Он сел в кресло, наклонился ко мне и молвил:
— Так вот, я и спрашиваю, как там, Александр, там, откуда Вы? — помолчал некоторое время и продолжил, — это уникальный случай... Ваши души, того, человека другого мира и молодого князя, по всей видимости, слились, взаимно дополнили друг друга. Вы полностью адекватны, в рассудке Вашем нет причин сомневаться, с Вами можно вести серьезный разговор. Это уникальный шанс для науки, — с жаром продолжил профессор, — выслушать рассказ очевидца, непосредственного участника всего процесса, рассказ не малограмотного обывателя, а человека, отдающего себе отчет о чрезвычайной важности происходящего...Прежде всего для науки, для всего человечества, — чуть ли не захлебываясь, напирал на меня ученый, — я уверен, Вы понимаете всю важность этого. Во всяком случае, все Ваше поведение после ранения, а мы, не скрою, наблюдали за Вами, говорит о Вашем благоразумии и ответственности.

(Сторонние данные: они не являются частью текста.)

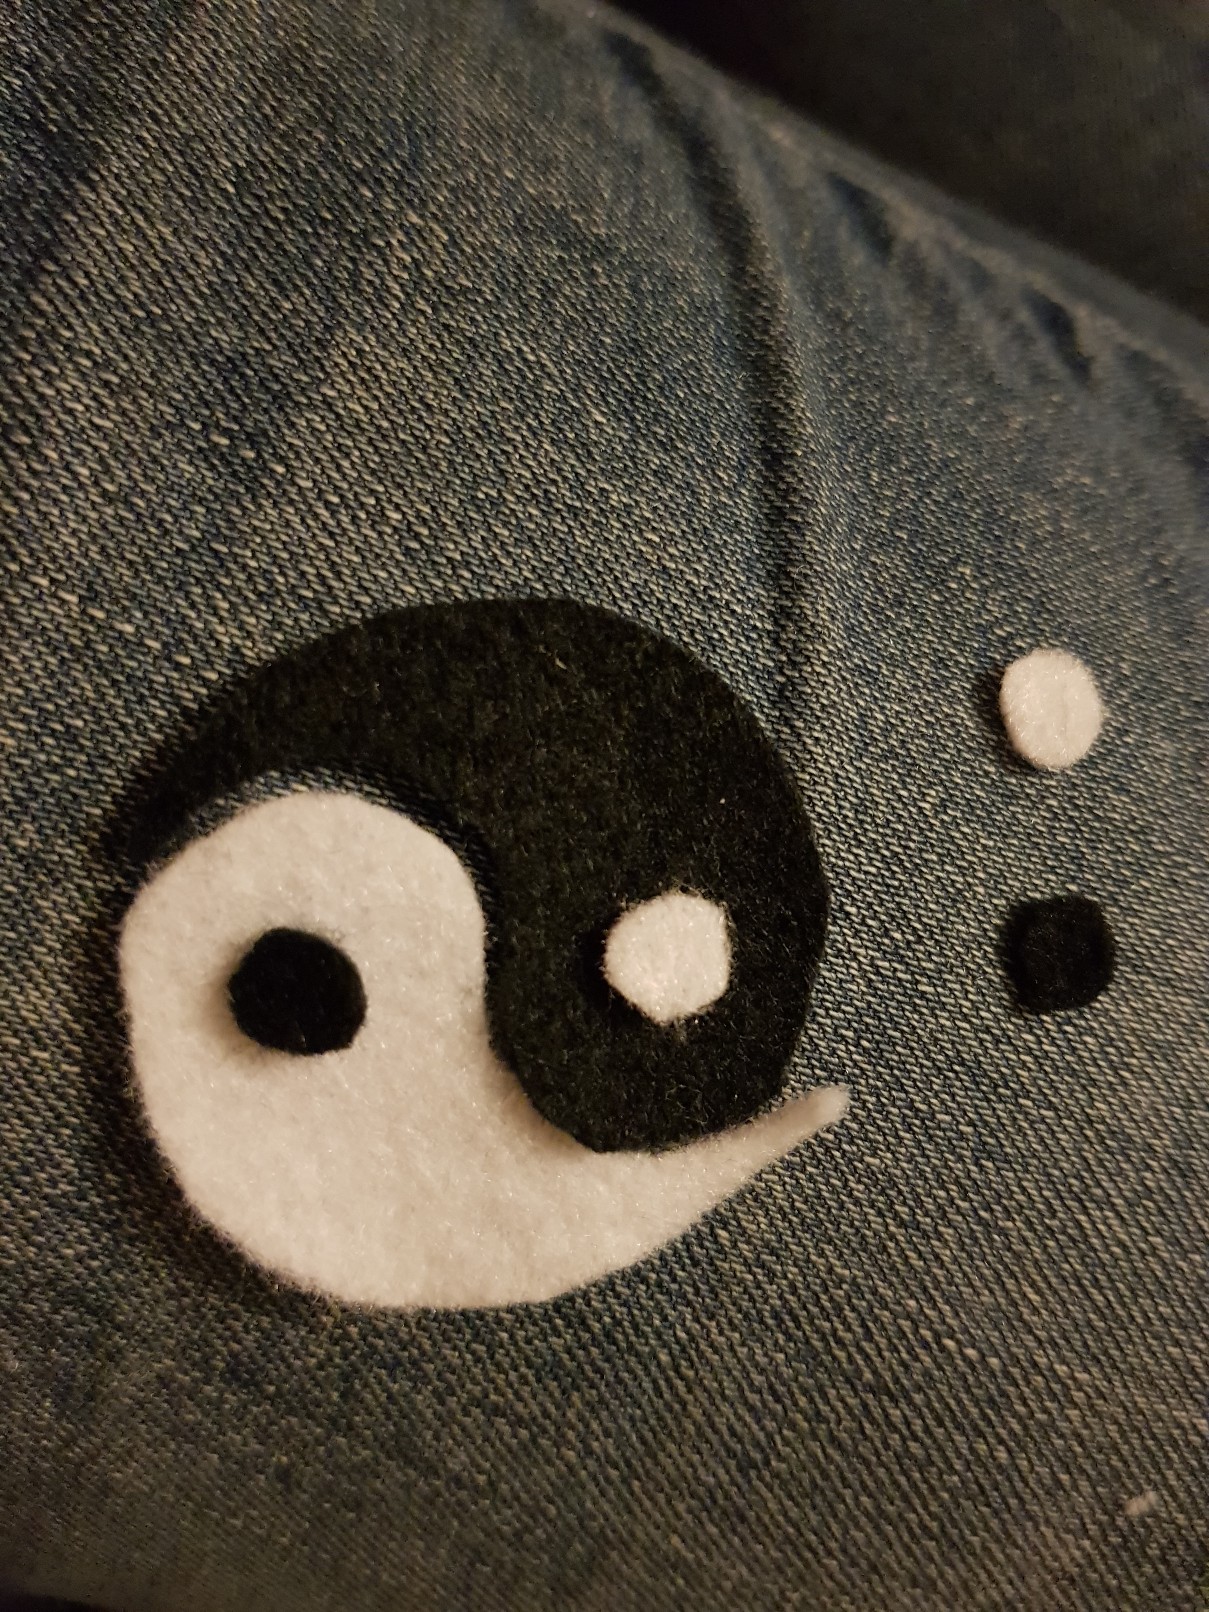 yin yang felt keychain parts assembled

Я молчал. Машинально, не задумываясь, одним махом опрокинул в себя коньяк, бокал с которым до этого вертел в руках. Профессор тоже замолчал, пристально, и с какой то надеждой глядя на меня. Пауза затянулась.
— Не знаю, что и сказать Вам, Владимир Михайлович, — нарушил я молчание, — то, что Вы поведали мне, мягко сказать, весьма впечатляет. Не знаю, не знаю, Ваше превосходительство...
— Корнет, — перебил Бехтерев, — признаю, в начале беседы я не правильно повел себя, признаю свою ошибку. Но поверь, я старался ..., желал ..., все это во благо науки ..., ты должен осознавать, как важно все это!
Я то осознаю, но боже ж мой, вся чуйка так и вопит об опасности, недопустимости подаваться на провокацию профессора. А то, что это еще один акт спектакля, устроенного Бехтеревым, не приходится сомневался.
Так, что мы имеем? Они знают, знают а о чем то еще и догадываются, это ясно. Принимаем как данность. Тогда что они хотят, подтверждения? И зачем им это, это же не суд, когда требуется доказательство? Вопрос! Допустим, я подтверждаю мою "иномирность". Вернее, не это, в этом никто не сомневается, тем более после признания Борису Андреевичу. Бехтерев настаивает на признании именно осознанности перемещения. Вот оно! Им нужны "послезнания"! Отсюда и попытки гипноза, и столь настоятельные просьбы открыться. А оно мне надо? Что это дает мне? И чем грозит? Ну не хочу, не желаю быть Касандрой! После разговора с Герарди все для себя вроде решил. Во всяком случае, на данном этапе. А значит что, будем подождать, как говорил мой командир? Да, пока так и действуем, открыться я всегда успею!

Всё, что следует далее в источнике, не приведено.